Było już na tyle późno, że musiałem zadzwonić po żonę, żeby po mnie podskoczyła samochodem.


- DST 40.02km
- Czas 01:49
- VAVG 22.03km/h
- Temperatura 17.0°C
- Sprzęt Kellys Soot 50
- Aktywność Jazda na rowerze
DPD
Środa, 24 lutego 2021 · dodano: 24.02.2021 | Komentarze 1
Pierwszy w tym roku dojazd do pracy rowerem. Ze względu na zmianę lokalizacji przedszkola to ja głównie odwożę i odbieram syna z tej instytucji. Z czym wiąże się rzadsza możliwość dojazdu do pracy rowerem. Oczywiście każdą możliwość będę wykorzystywał, ale wpisów DPD zapewne za wiele nie będzie.
Można by narzekać na temperaturę rano (5°C), pozimowy syf na drogach i ścieżkach, ale słońce i temperatura po południu wszystko wynagrodziła i mimo wiatru w pysk jechało się przyjemnie.

Po robocie było tradycyjne bieganie za biegówką z przedszkola.


Po robocie było tradycyjne bieganie za biegówką z przedszkola.

Kategoria Work
- DST 39.67km
- Czas 01:50
- VAVG 21.64km/h
- VMAX 43.04km/h
- Temperatura 12.0°C
- Sprzęt Kellys Soot 50
- Aktywność Jazda na rowerze
Nadeszła era gravela
Niedziela, 21 lutego 2021 · dodano: 21.02.2021 | Komentarze 4
Tak jak wspominałem już w poprzednich wpisach kupiłem
gravela. W podsumowaniach roku pisałem, że odkładam na nową szosę, ale w
międzyczasie może się coś zmienić. No i zmieniło się. Ale od początku. W
grudniu piasta w moim Autorze zaczęła dostawać jakieś dziwne luzy. Na początku pomyślałem
sobie, że kupię nowe koło albo dam na serwis. Na piaście skasowałem luzy sam,
ale pojawiła się myśl o zmianie roweru który będę katował w zimie i ciągnął nim
przyczepkę z synem.

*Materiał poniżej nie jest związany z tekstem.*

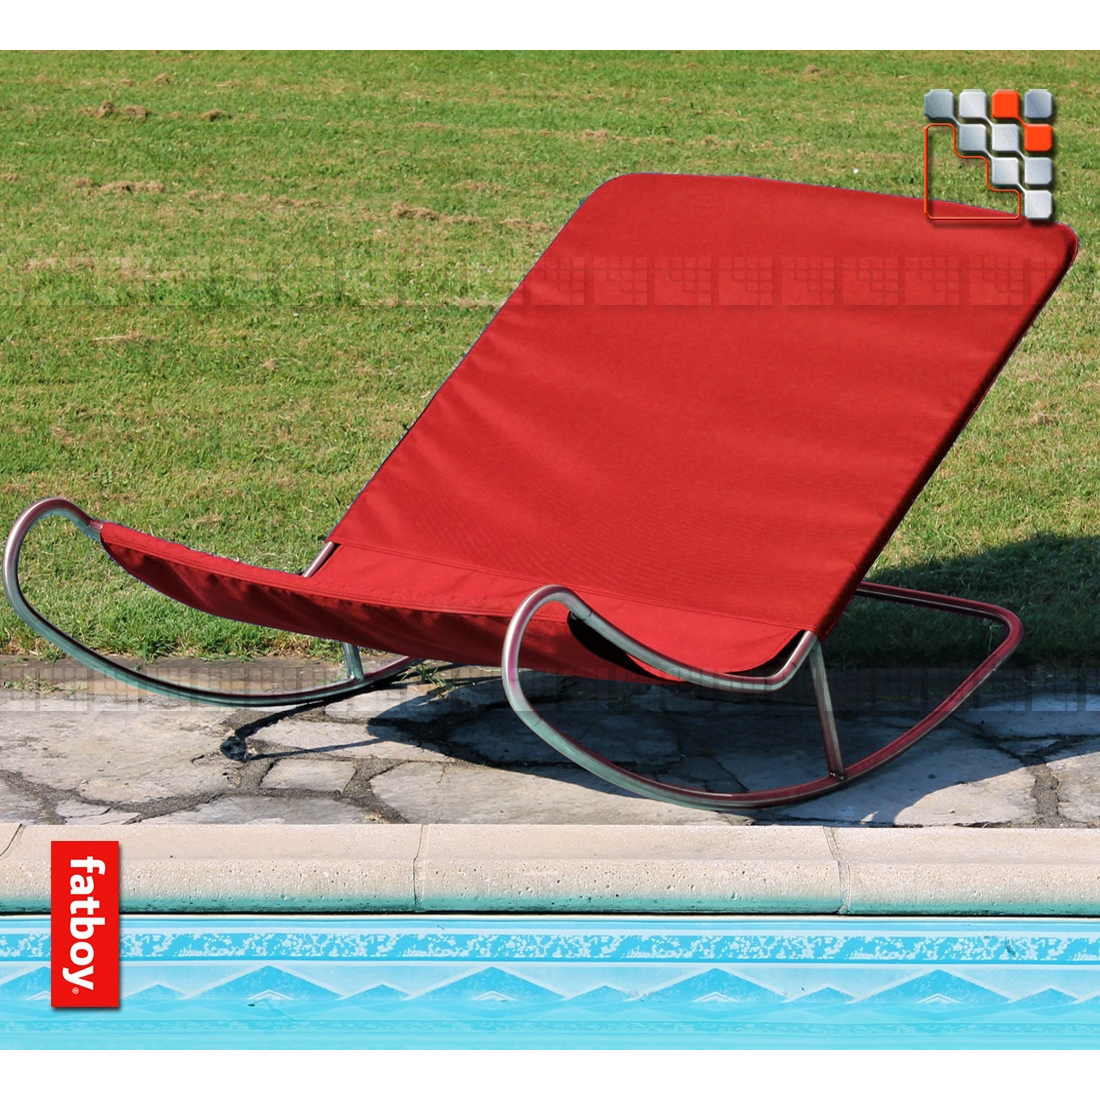 BeTransat Designxp® A17-VB103199 A la Plancha® Shade Sail - Outdoor Furnitures
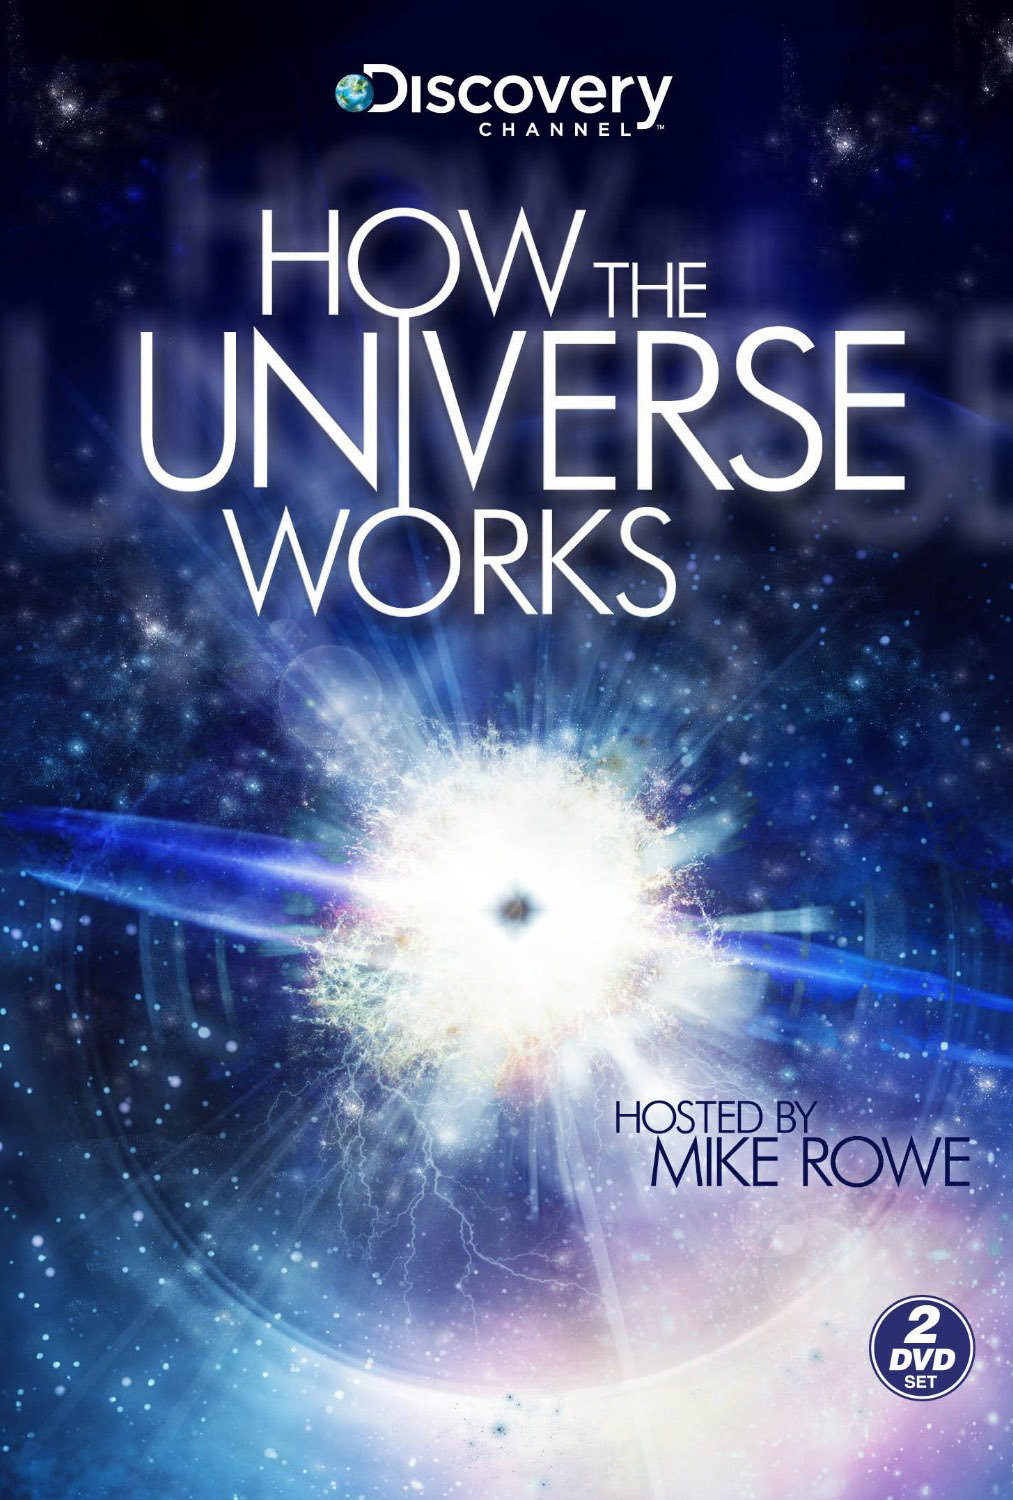 了解宇宙是如何运行的 第一季 / 宇宙解码 / 解读宇宙 [DIY/双语简繁字幕] How the Universe Works 2010 1080i BluRay AVC DTS-HD MA 5.1-bbchen@Audies[63.78GB]-2.jpg

Przez przypadek trafiłem na promocję w Martes Sporcie –
rowery były tańsze prawie o jedną trzecią i było kilka sztuk w moim rozmiarze. Miał
to być Ghost na pełnej najnowszej Acerze z zewnętrznymi łożyskami korby za 1900
zł, co było mega okazją, biorąc pod uwagę ogólny deficyt rowerów na rynku.
Rower obejrzałem w Galerii Malta, karpiowe wpłynęło na konto i stwierdziłem, że
biorę go. W dzień w którym chciałem rower kupić okazało się, że promocja była
do wczoraj… I rower podrożał o 500 zł. Odpuściłem, ale chęć odświeżenia floty
rowerowej została. Wybór rowerów w sklepach mizerny, prawie kupiłbym Superiora 859 lub 879, ale na rabaty w chwili obecnej nie ma co liczyć,
chyba, że rower jest ciężko sprzedawalny. Przed końcem roku do sklepów zaczęły
spływać pojedyncze dostawy Merida Silex i Kellysów Soot. I wtedy pojawiła się
myśl – a może jednak gravela!
Padło ostatecznie na Soota. Mój rozmiar był (sztuk: jeden na
cały Poznań i może więcej nie być), specyfikacja i geometria bardziej mi pasowała niż Silexa. No i
kupiłem, a w związku z brakiem upustów prze sezonem, skorzystałem z promocji
raty 10x0%, bo szkoda mi było tyle kasy zostawiać w rowerowym, a tak zakupu nie
odczuję znacząco.
Warunkiem koniecznym było też aby do roweru pasowała ośka w
możliwością montaży haka do przyczepki, a wcale nie jest to oczywiste, bo niby
standardy są, ale na przykład producenci stosują różne gwinty. Ośkę Burley
zamówiłem na allegro przed odwiedzeniem sklepu rowerowego, żeby mieć opcję zwrotu w razie
gdyby nie pasowała (koszt prawie 200 zł). Na szczęście do Kellysa pasowała.
Rower ma mi zastąpić Authora (w ciągnięciu przyczepki) i
szosę, którą wystawiłem wczoraj na sprzedaż, w dalszych wypadach. Przez ostatni miesiąc dokupiłem jeszcze
kilka części do Sotta, tak żeby bardziej wpisywał się w moje potrzeby. Nowe,
dużo lżejsze opony o mniejszych oporach toczenia, niż standardowe Smart Samy
(szybko udało mi się je sprzedać), pedały SPD, siodełko Fizika, bo od fabrycznego
(niby sygnowane przez Selle Royal) bolał mnie dupa od samego patrzenia na nie oraz
folie ochronne na lakier (bo rower lekko ze mną nieć zapewne nie będzie miał). Jak znam siebie to nie koniec modyfikacji.
Dzisiaj umówiłem się z bratem na szybką sesję zdjęciową na punkcie
widokowym w Dolinie Cybiny. Pogoda sprzyjała, więc czemu by nie wykorzystać
tego. Na rowerze jeździ mi się dobrze, z resztą geometria jest zbliżona do tej
co mam w szosie, więc wiedziałem czego się spodziewać.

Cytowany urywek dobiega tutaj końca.